With your patch, we always end up doing a mutex_lock(), which also
implies a memory barrier.
Sorry I missed this before, but your test doesn't make any sense. How
can a memory barrier have such a big impact on a code path (unlink)
that does lot of much heavier stuff?

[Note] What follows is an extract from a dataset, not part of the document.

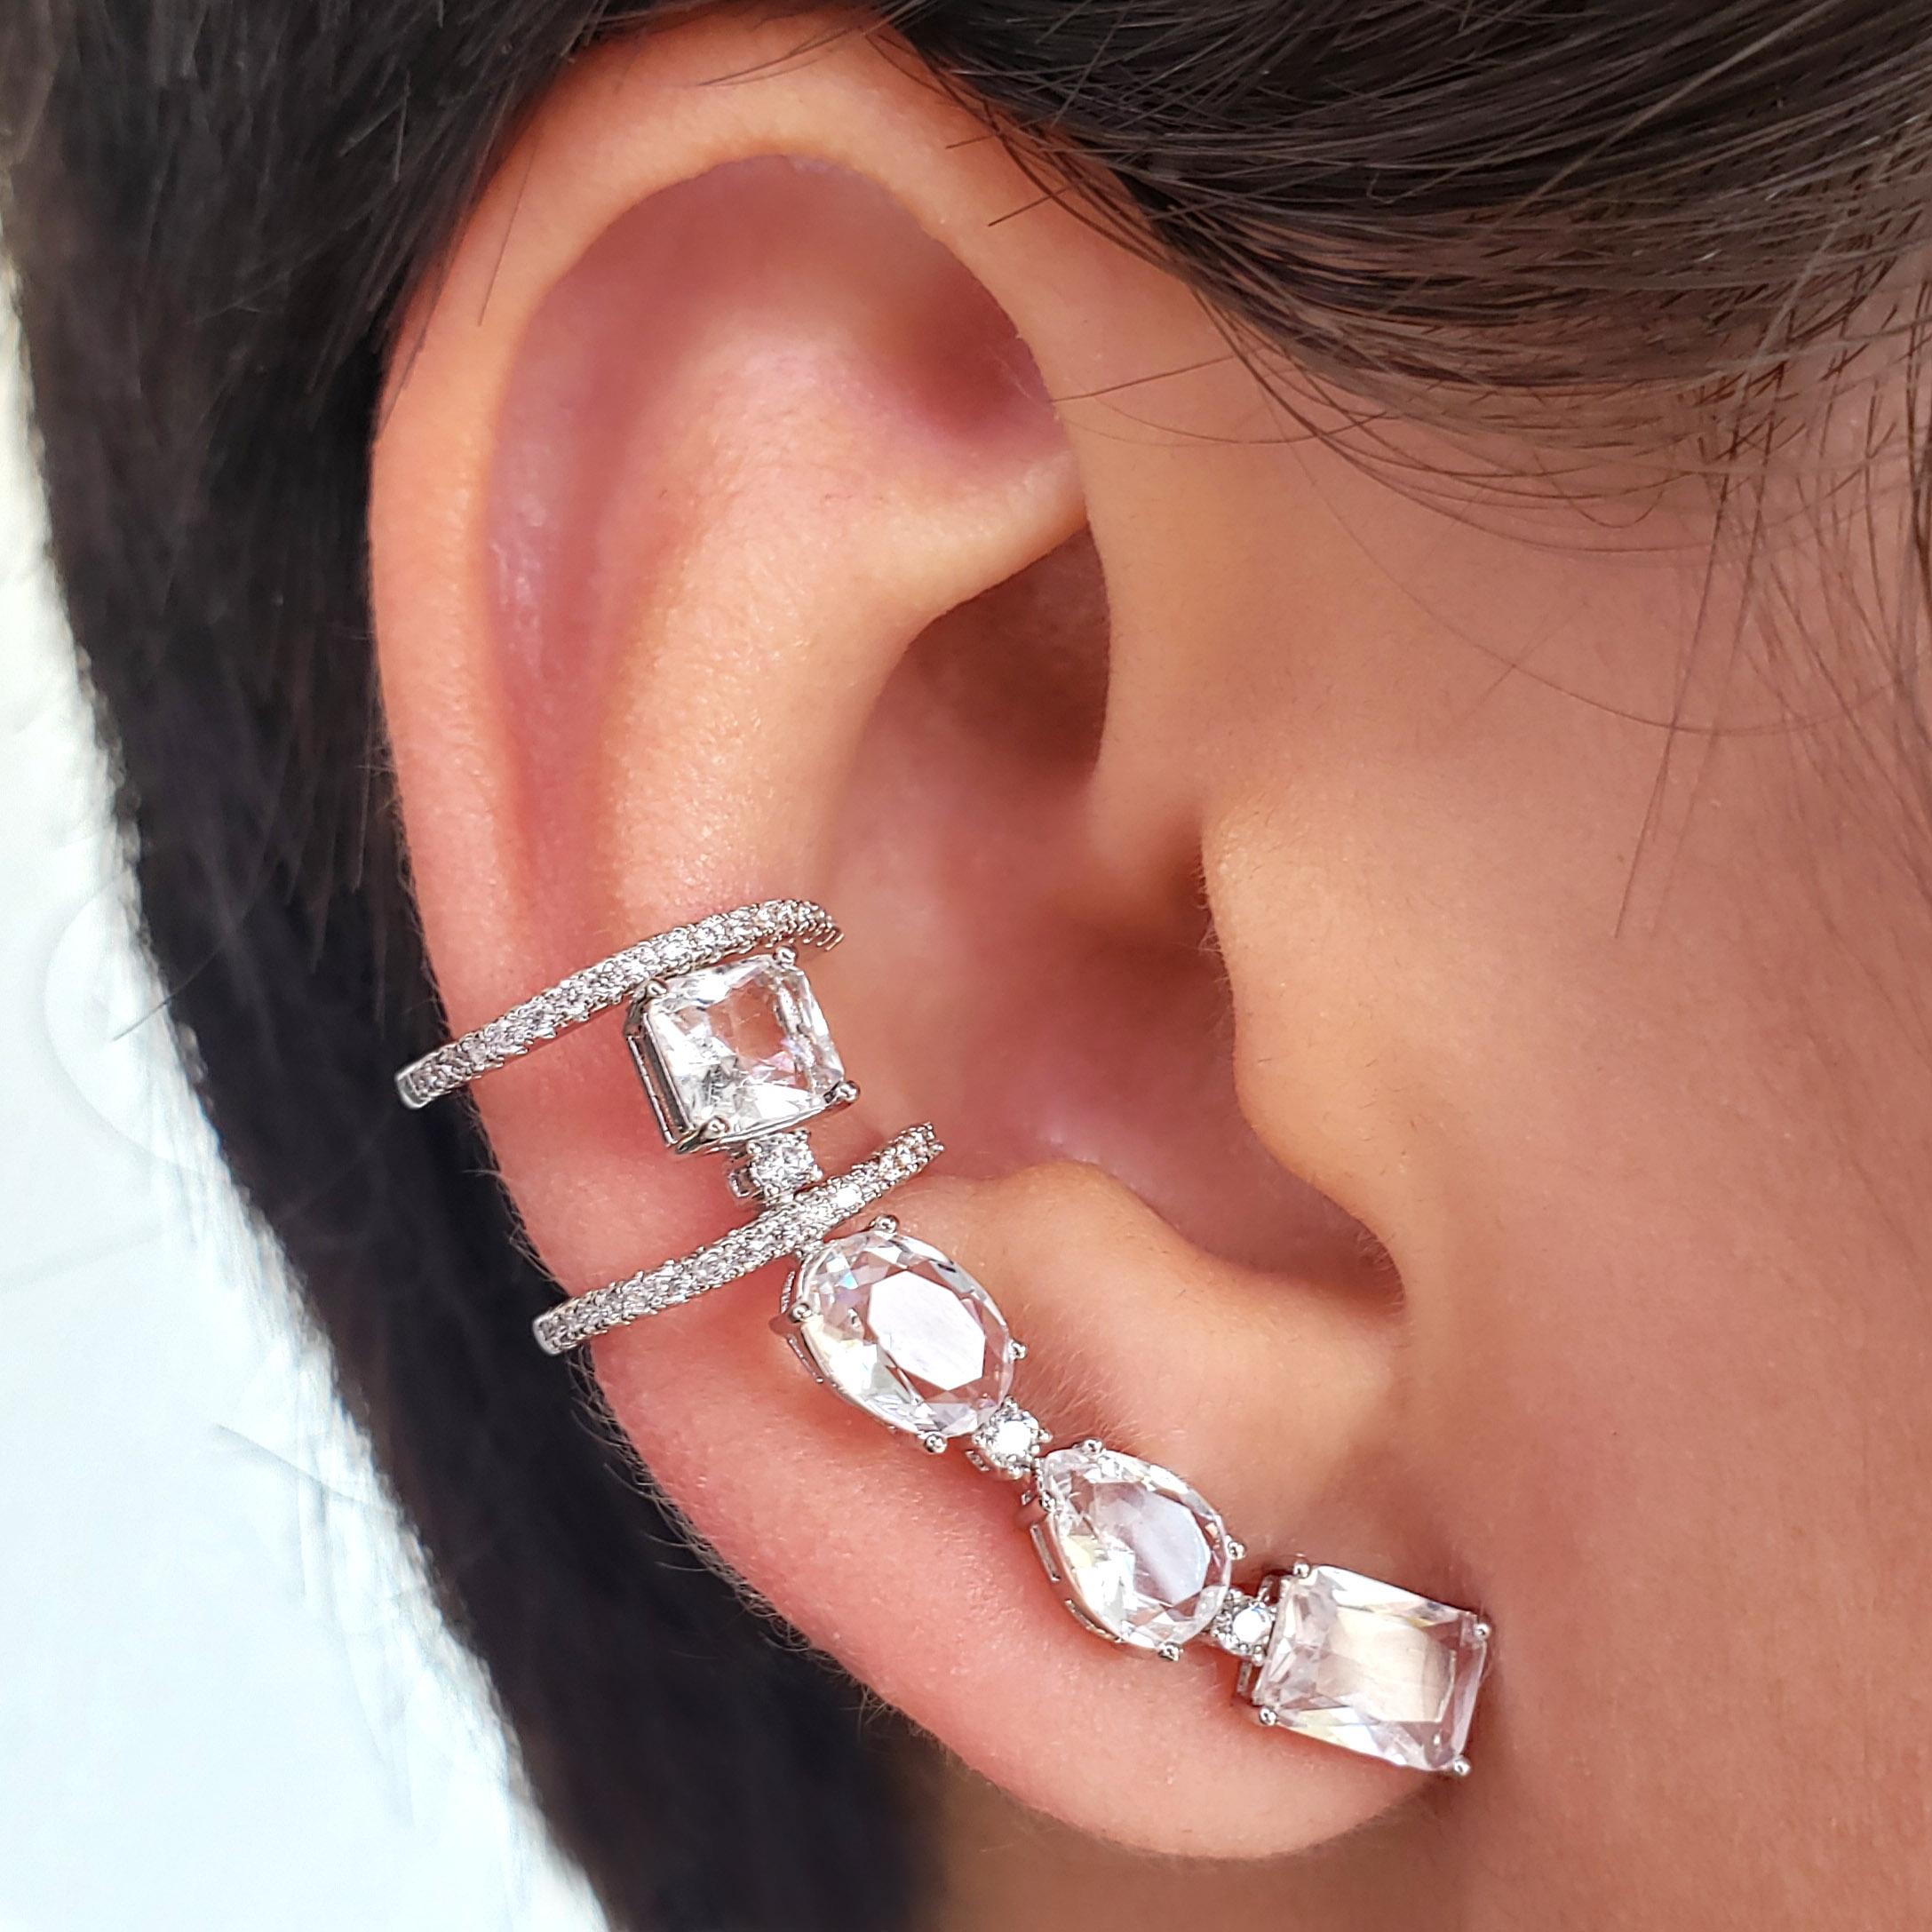 Brinco Ear Cuff Pequeno Zircônias Folheado Ródio Branco

Like btree searches/deletes,
deleting delayed items, etc.
Your test case is even flawed because join_running_log_trans() can
never be called.
Look at its only two callers, btrfs_del_inode_ref_in_log() and
btrfs_del_dir_entries_in_log(), they both do:
if (dir->logged_trans < trans->transid)
return 0;
ret = join_running_log_trans(root);
if (ret)
return 0;
and
if (inode->logged_trans < trans->transid)
return 0;
ret = join_running_log_trans(root);
if (ret)
return 0;
Since you never fsync the files nor the directory containing them in
that test, we never end up calling join_running_log_trans().
So I don't know where you got the 26%...
Thanks.
>
> >
> > Thanks.
> >
> >
> >>
> >>
> >> Here's the perf data without being butchered.
> >>
> >>> Signed-off-by: Nikolay Borisov <nborisov@xxxxxxxx>
> >>> ---
> >>>
> >>> This passed full xfstest run and the performance results were obtained with the
> >>> following testcase:
> >>>
> >>> #!/bin/bash
> >>> for i in {1..10}; do
> >>> echo "Testun run : %i"
> >>> ./ltp/fsstress -z -d /media/scratch/ -f creat=100 -n 500000
> >>> sync
> >>> time rm -rf /media/scratch/*
> >>> sync
> >>> done
> >>>
> >>> fs/btrfs/tree-log.c | 4 ----
> >>> 1 file changed, 4 deletions(-)
> >>>
> >>> diff --git a/fs/btrfs/tree-log.c b/fs/btrfs/tree-log.c
> >>> index 6adcd8a2c5c7..61744d8af106 100644
> >>> --- a/fs/btrfs/tree-log.c
> >>> +++ b/fs/btrfs/tree-log.c
> >>> @@ -188,10 +188,6 @@ static int join_running_log_trans(struct btrfs_root *root)
> >>> {
> >>> int ret = -ENOENT;
> >>>
> >>> - smp_mb();
> >>> - if (!root->log_root)
> >>> - return -ENOENT;
> >>> -
> >>> mutex_lock(&root->log_mutex);
> >>> if (root->log_root) {
> >>> ret = 0;
> >>>
> >
> >
> >
> > --
> > Filipe David Manana,
> >
> > “Whether you think you can, or you think you can't — you're right.”
> >
--
Filipe David Manana,
“Whether you think you can, or you think you can't — you're right.”